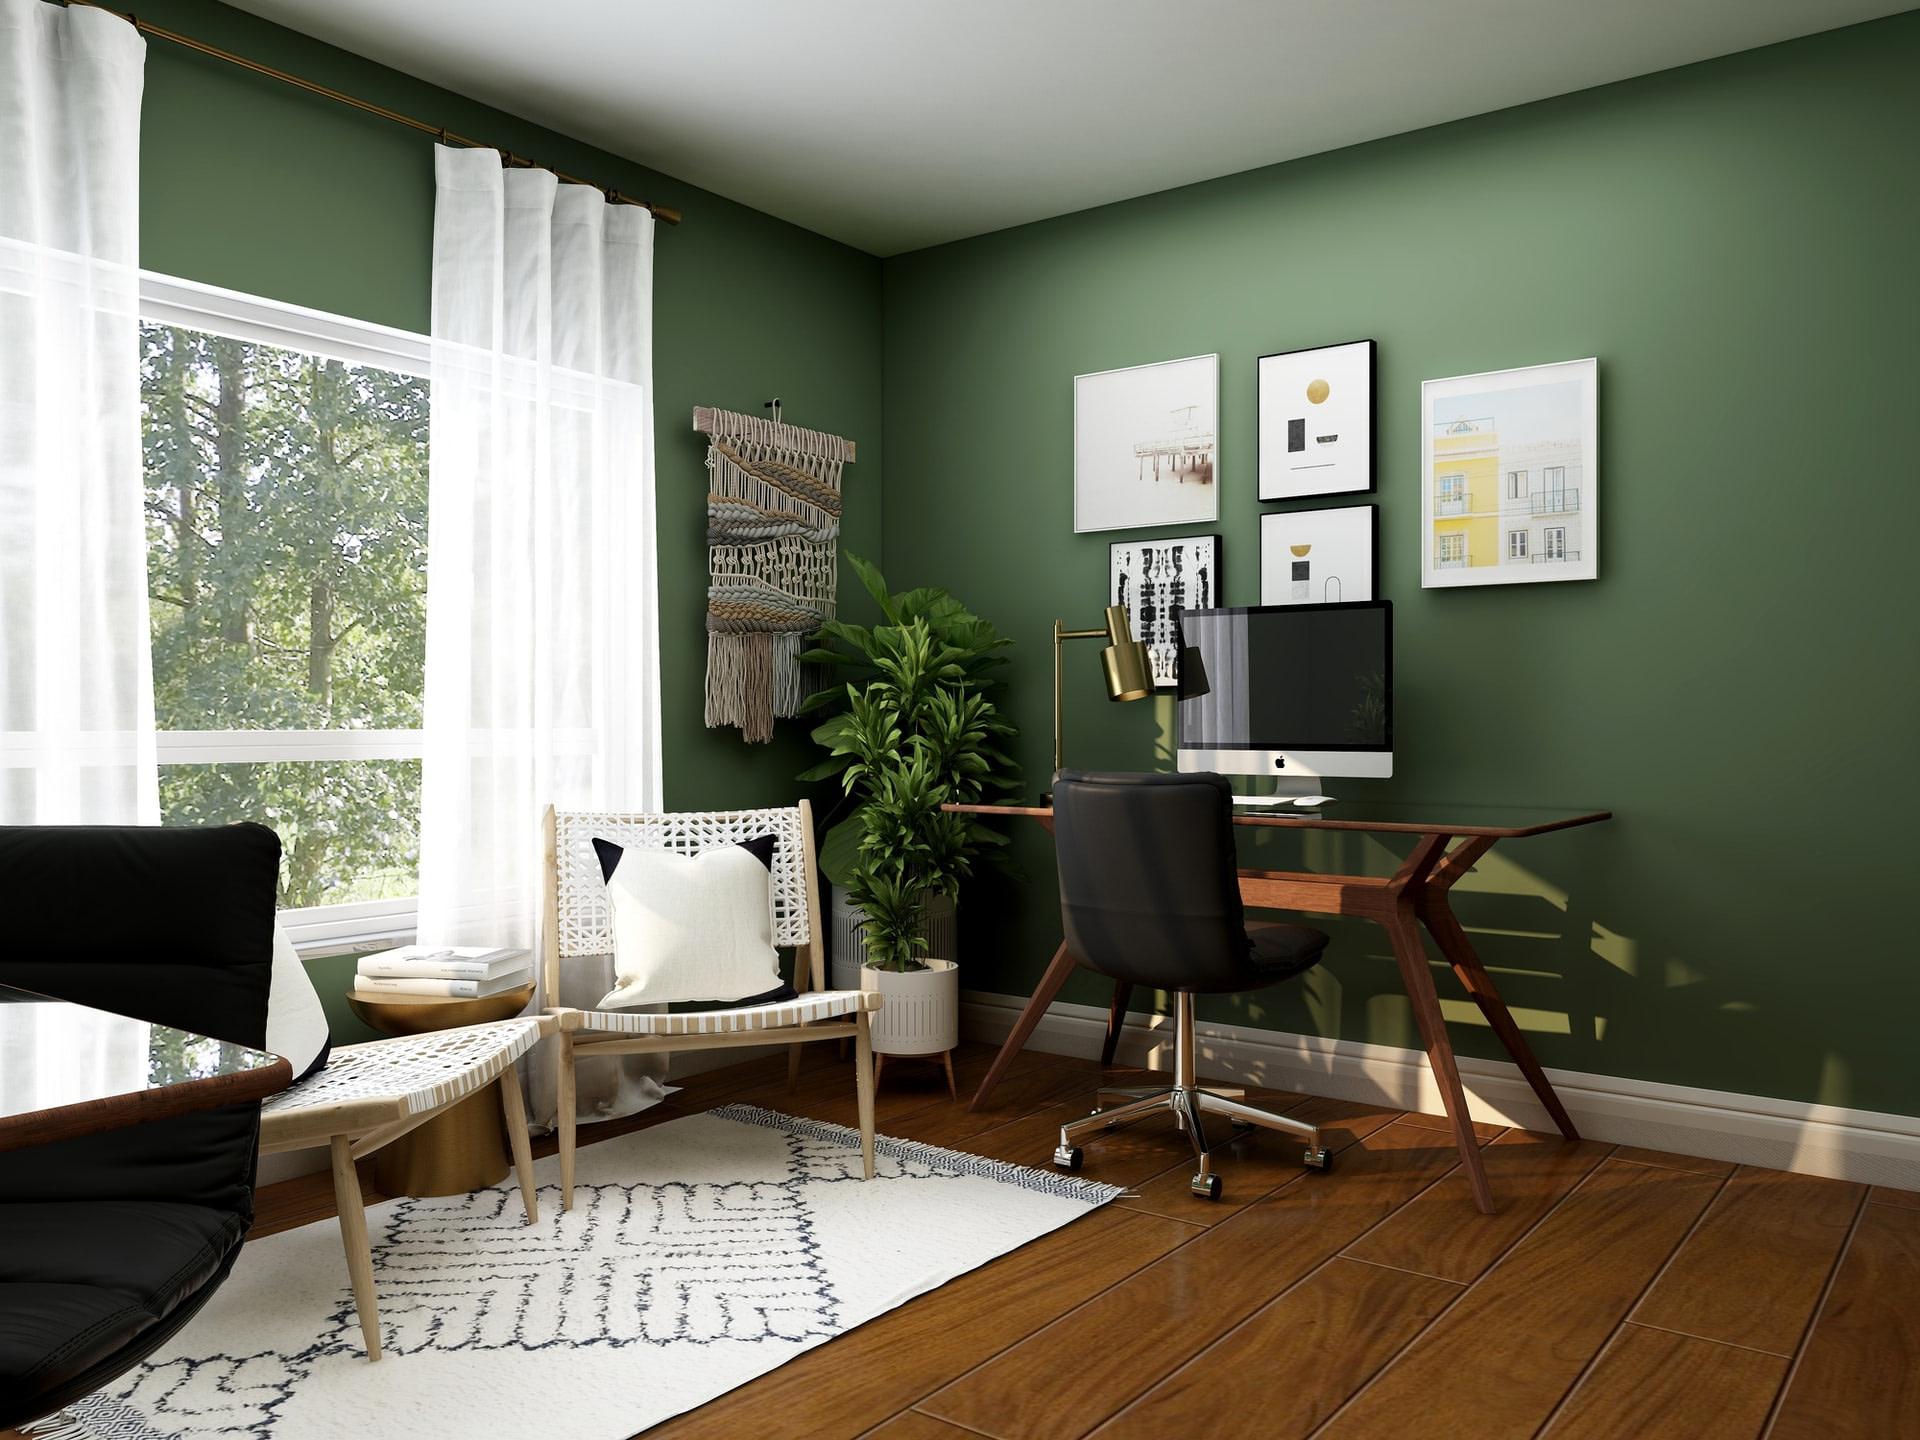 collov-home-design-UUsQk_9bdR8-unsplash
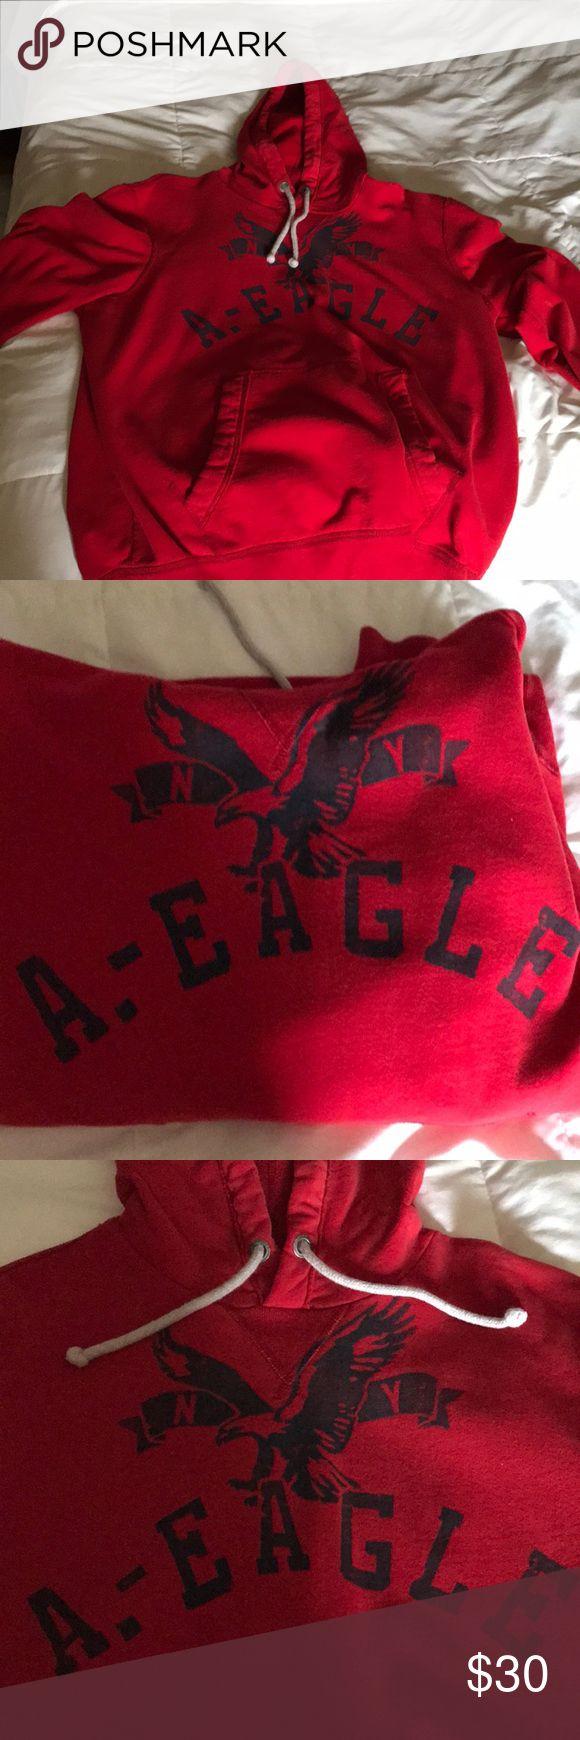 Red American Eagle Sweatshirt Red American Eagle sweatshirt, Youth Large (fits like a regular medium), very comfortable American Eagle Outfitters Shirts & Tops Sweatshirts & Hoodies
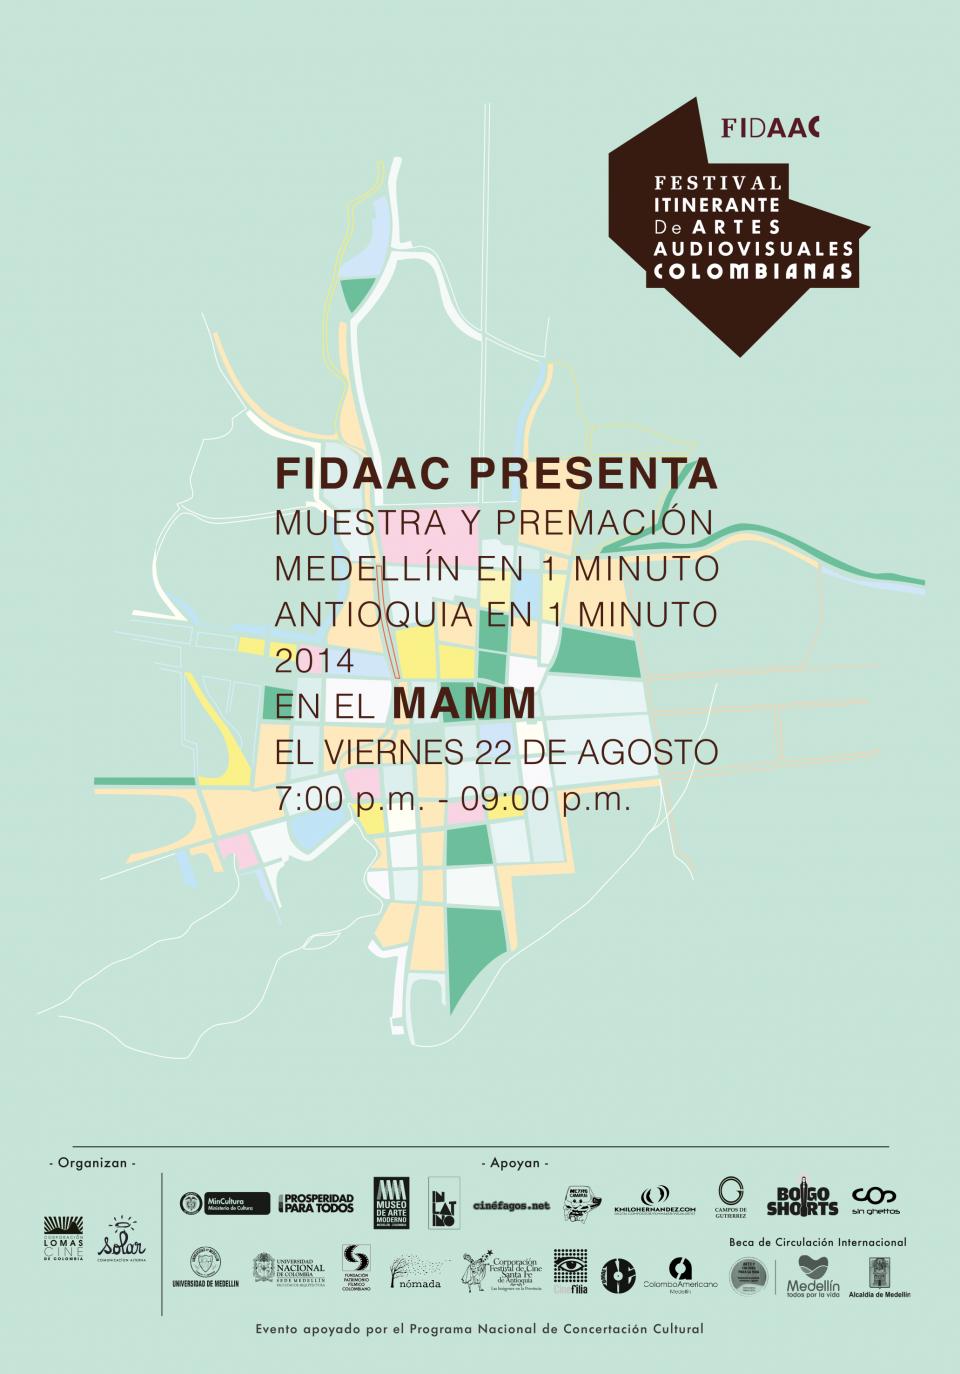 Affiche FIDAAC 2014
● ● ●
TRY IT -> Everything in the material except the pictures should be output verbatim.

RESPONSE AREA ->
 collov-home-design-UUsQk_9bdR8-unsplash
 Red American Eagle Sweatshirt Red American Eagle sweatshirt, Youth Large (fits like a regular medium), very comfortable American Eagle Outfitters Shirts & Tops Sweatshirts & Hoodies
 Affiche FIDAAC 2014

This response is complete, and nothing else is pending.